Exercise data:
◆ ◆ ◆ ◆

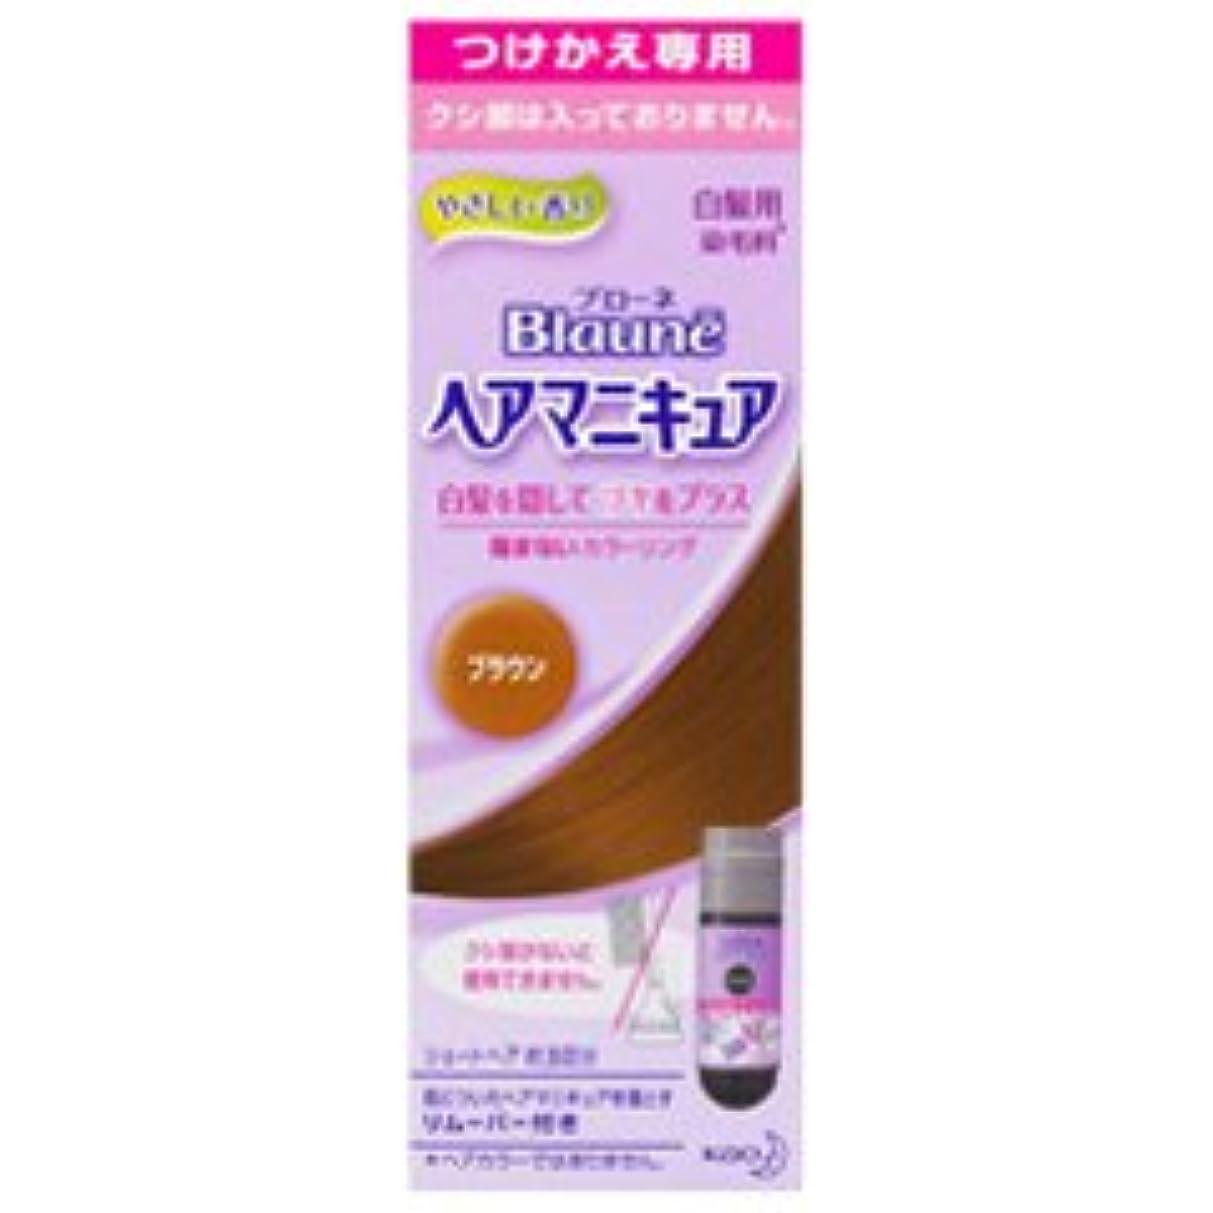 社員ボトルネックいくつかの【花王】ブローネ ヘアマニキュア 白髪用つけかえ用ブラウン ×20個セット
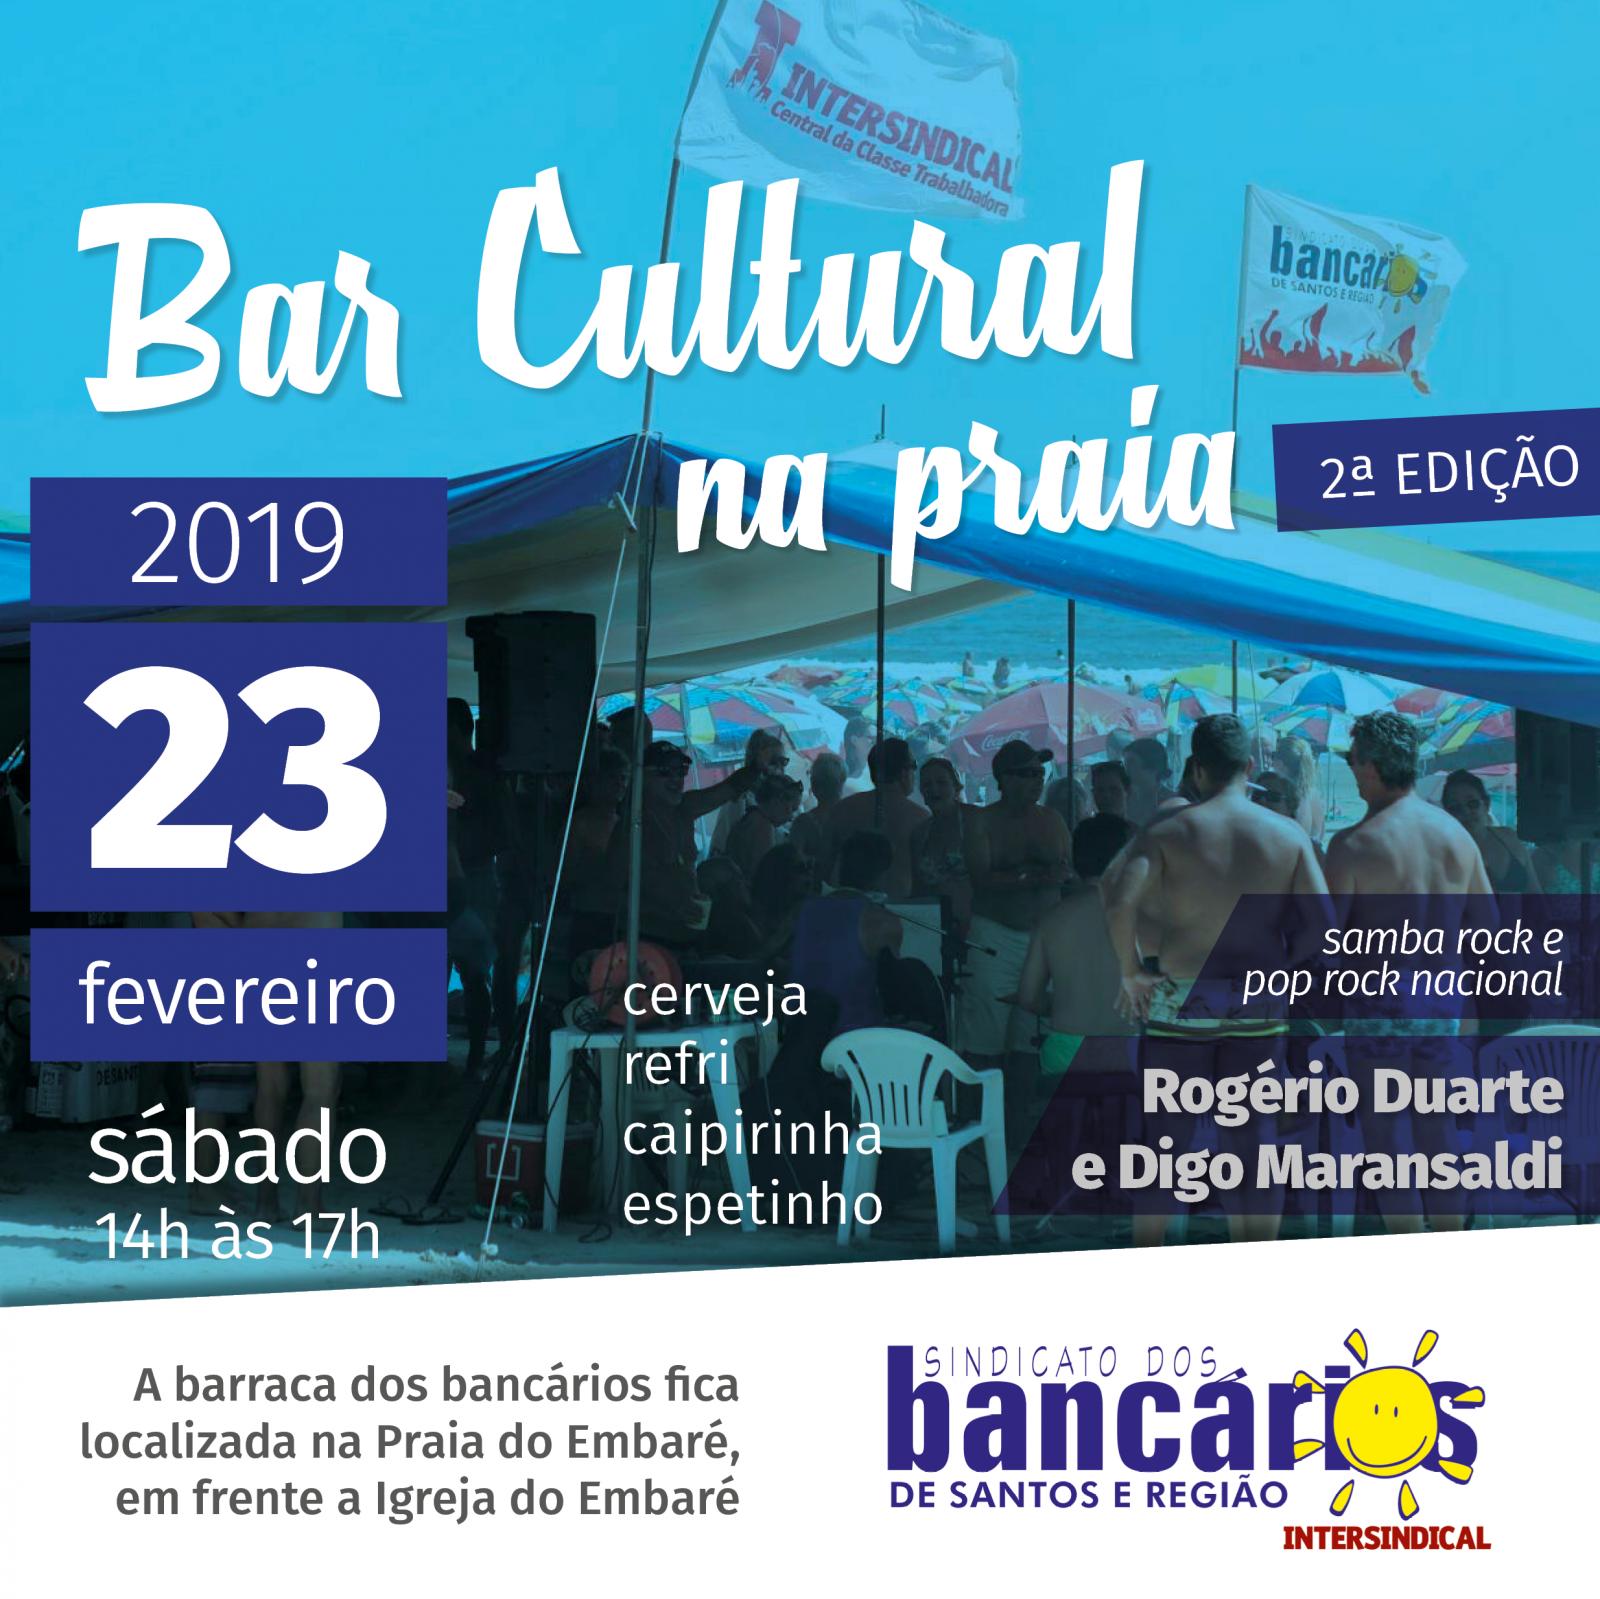 Nova edição do Bar Cultural de Verão acontece dia 23/2
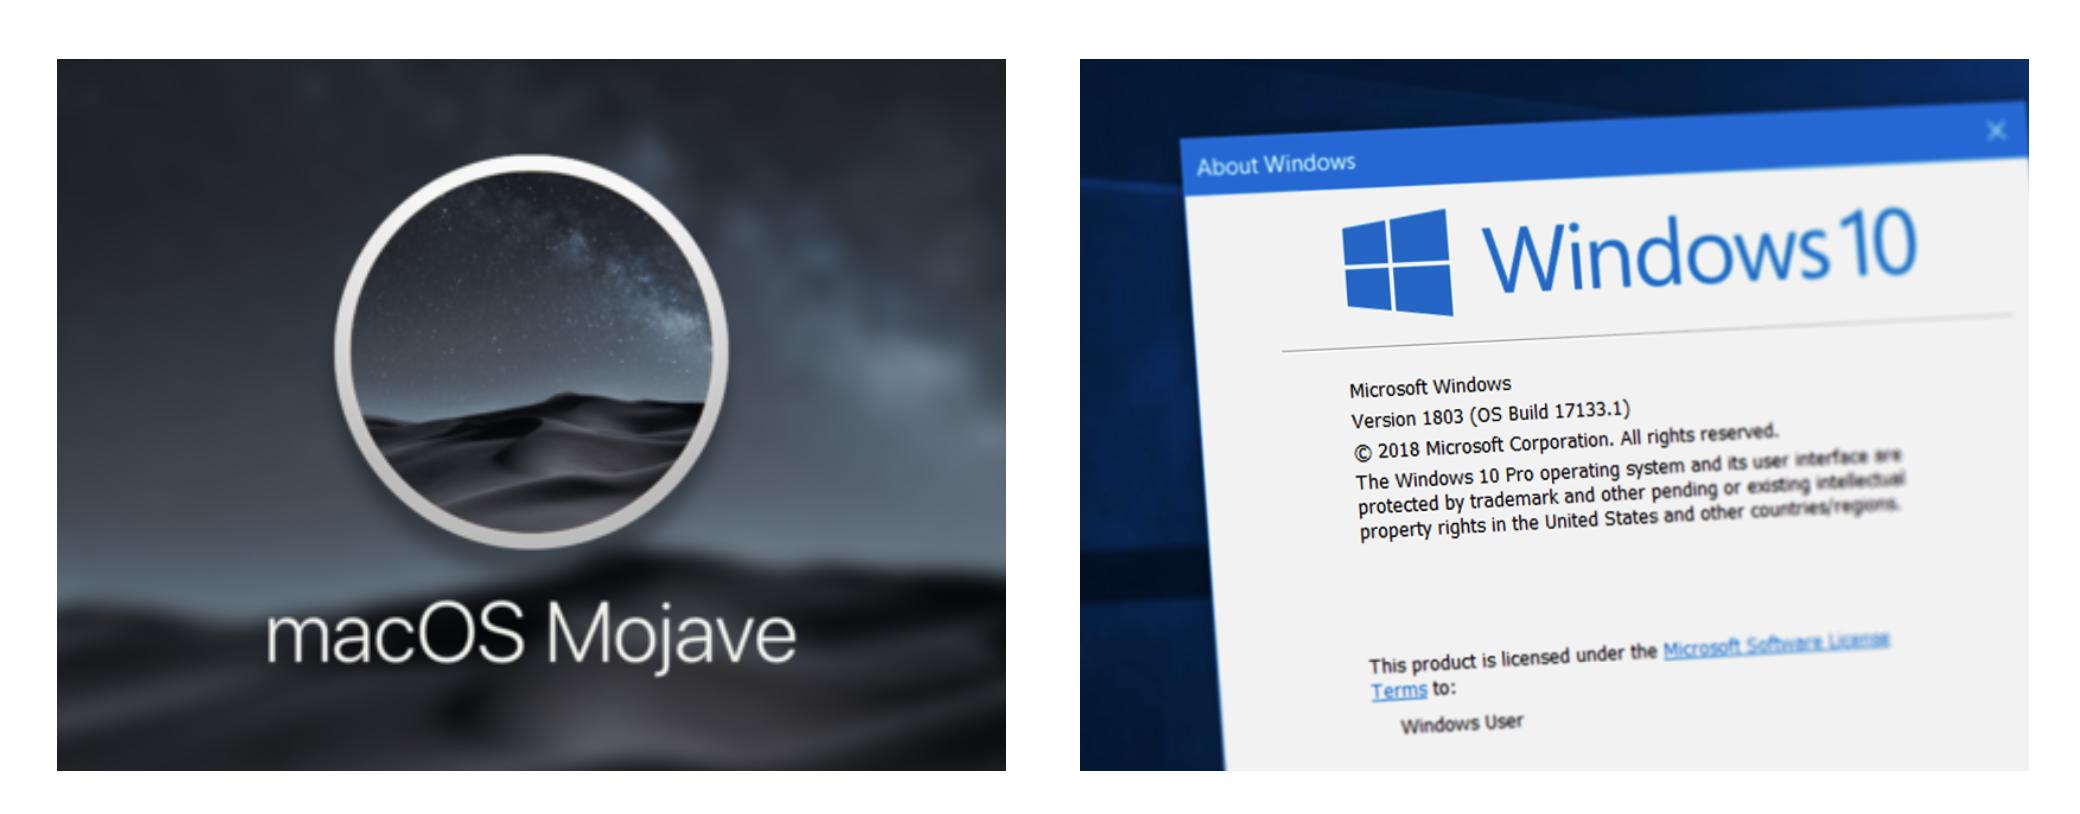 微软和苹果均在最新系统中提供了外接显卡官方支持

◆ ◆ ◆ ◆

The problem:
Give the material above again exactly as it stands, minus any images.

Answer to the exercise:
 社員ボトルネックいくつかの【花王】ブローネ ヘアマニキュア 白髪用つけかえ用ブラウン ×20個セット
 Nova edição do Bar Cultural de Verão acontece dia 23/2
 微软和苹果均在最新系统中提供了外接显卡官方支持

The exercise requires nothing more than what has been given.